First, let us consider the functions in the RHS of the given expression,
 $ {{\tan }^{2}}{{45}^{\circ }}-{{\cos }^{2}}{{30}^{\circ }}=x\sin {{45}^{\circ }}\cos {{45}^{\circ }} $
We know the values for $ \sin {{45}^{\circ }} $ and $ \cos {{45}^{\circ }} $ where,
 $ \sin {{45}^{\circ }}=\cos {{45}^{\circ }}=\dfrac{1}{\sqrt{2}} $
By substituting these values in the RHS of the given expression we get,
 $ \begin{align}
  & \Rightarrow {{\tan }^{2}}{{45}^{\circ }}-{{\cos }^{2}}{{30}^{\circ }}=x\times \dfrac{1}{\sqrt{2}}\times \dfrac{1}{\sqrt{2}} \\
 & \Rightarrow {{\tan }^{2}}{{45}^{\circ }}-{{\cos }^{2}}{{30}^{\circ }}=x\times \dfrac{1}{2} \\
\end{align} $
In order to keep the variable x on one side, we will perform cross multiplication and then we will obtain the equation as,
 $ \Rightarrow 2({{\tan }^{2}}{{45}^{\circ }}-{{\cos }^{2}}{{30}^{\circ }})=x.....\left( i \right) $
We know the values for $ \tan {{45}^{\circ }} $ and $ \cos {{30}^{\circ }} $ , so we can compute the values of $ {{\tan }^{2}}{{45}^{\circ }}\text{ and }{{\cos }^{2}}{{30}^{\circ }} $ by squaring them. So, we will do it as below,
 $ \begin{align}
  & \tan {{45}^{\circ }}=1 \\
 & \Rightarrow {{\tan }^{2}}{{45}^{\circ }}={{\left( 1 \right)}^{2}} \\
 & \Rightarrow {{\tan }^{2}}{{45}^{\circ }}=1 \\
\end{align} $
 $ \begin{align}
  & \cos {{30}^{\circ }}=\dfrac{\sqrt{3}}{2} \\
 & \Rightarrow {{\cos }^{2}}{{30}^{\circ }}={{\left( \dfrac{\sqrt{3}}{2} \right)}^{2}} \\
 & \Rightarrow {{\cos }^{2}}{{30}^{\circ }}=\dfrac{3}{4} \\
\end{align} $
Now, by substituting the values of $ {{\tan }^{2}}{{45}^{\circ }} $ and $ {{\cos }^{2}}{{30}^{\circ }} $ in equation (i) we get:
 $ \Rightarrow 2\left( 1-\dfrac{3}{4} \right)=x $
Now, by taking LCM we obtain the equation,
 $ \begin{align}
  & \Rightarrow 2\left( \dfrac{4-3}{4} \right)=x \\
 & \Rightarrow 2\left( \dfrac{1}{4} \right)=x \\
 & \Rightarrow 2\times \dfrac{1}{4}=x \\
\end{align} $
Next, by cancellation, we get the value of x,
 $ \Rightarrow x=\dfrac{1}{2} $
Therefore, we can say that for $ {{\tan }^{2}}{{45}^{\circ }}-{{\cos }^{2}}{{30}^{\circ }}=x\sin {{45}^{\circ }}\cos {{45}^{\circ }} $ , the value of $ x=\dfrac{1}{2} $ .

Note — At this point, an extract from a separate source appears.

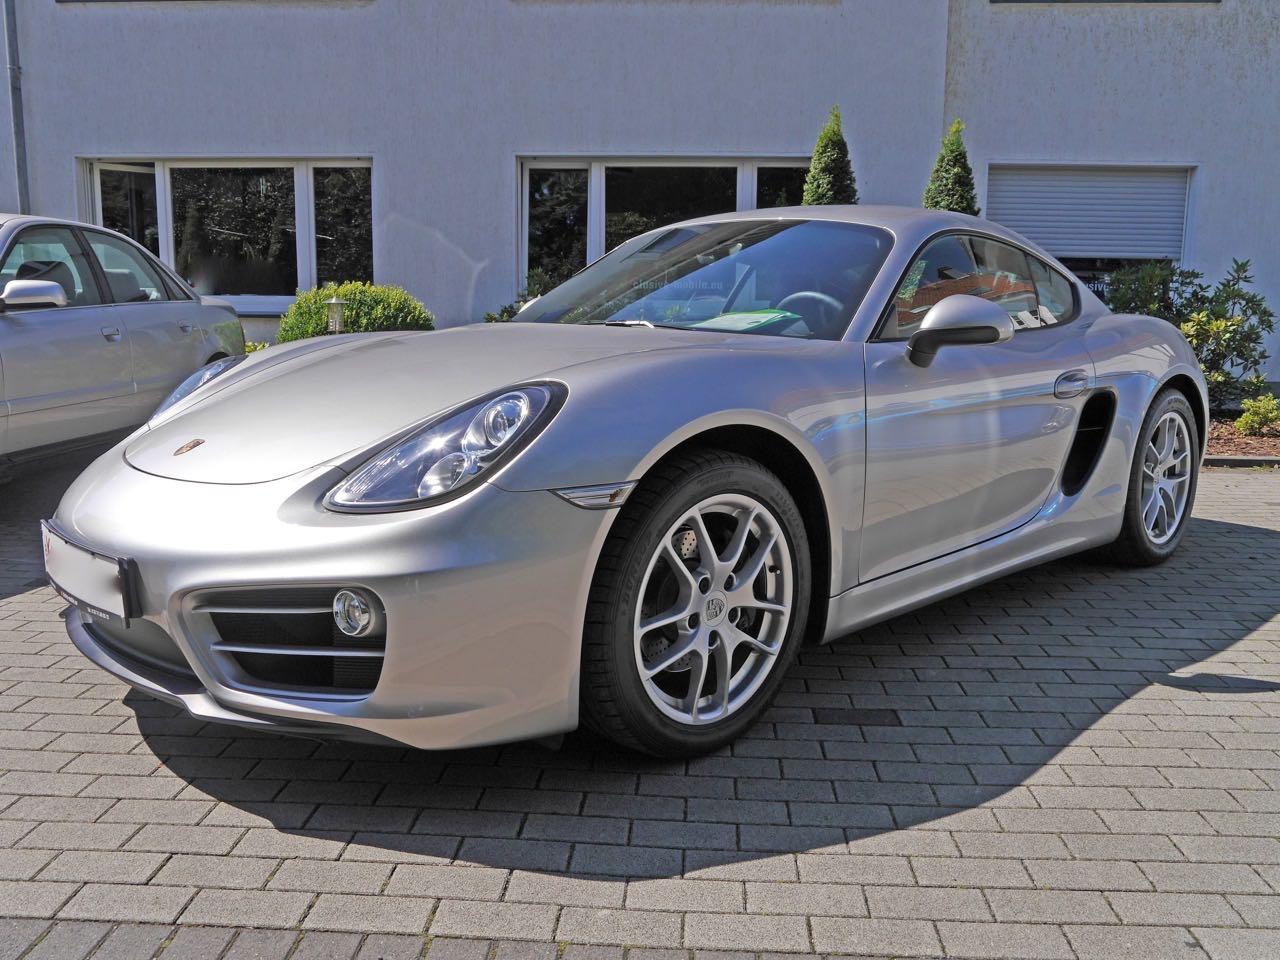 911 youngtimer - Porsche 981 Cayman 2,7 PDK - 2013 - Platinum Silver 1

Hence, the correct answer to this question is option (d).

Note: Here, you must be familiar with values of trigonometric ratios which is very essential to solve this problem especially for all the standard angles $ {{0}^{\circ }},{{30}^{\circ }},{{45}^{\circ }},{{60}^{\circ }} $ and $ {{90}^{\circ }} $ . Some students try to substitute the given options in the given equation to check which one satisfies the equation. But, this approach is going to be a waste of time. In any case, we have to find the values of all the trigonometric functions first, then simplify to get the RHS and LHS in order to check if it is satisfied.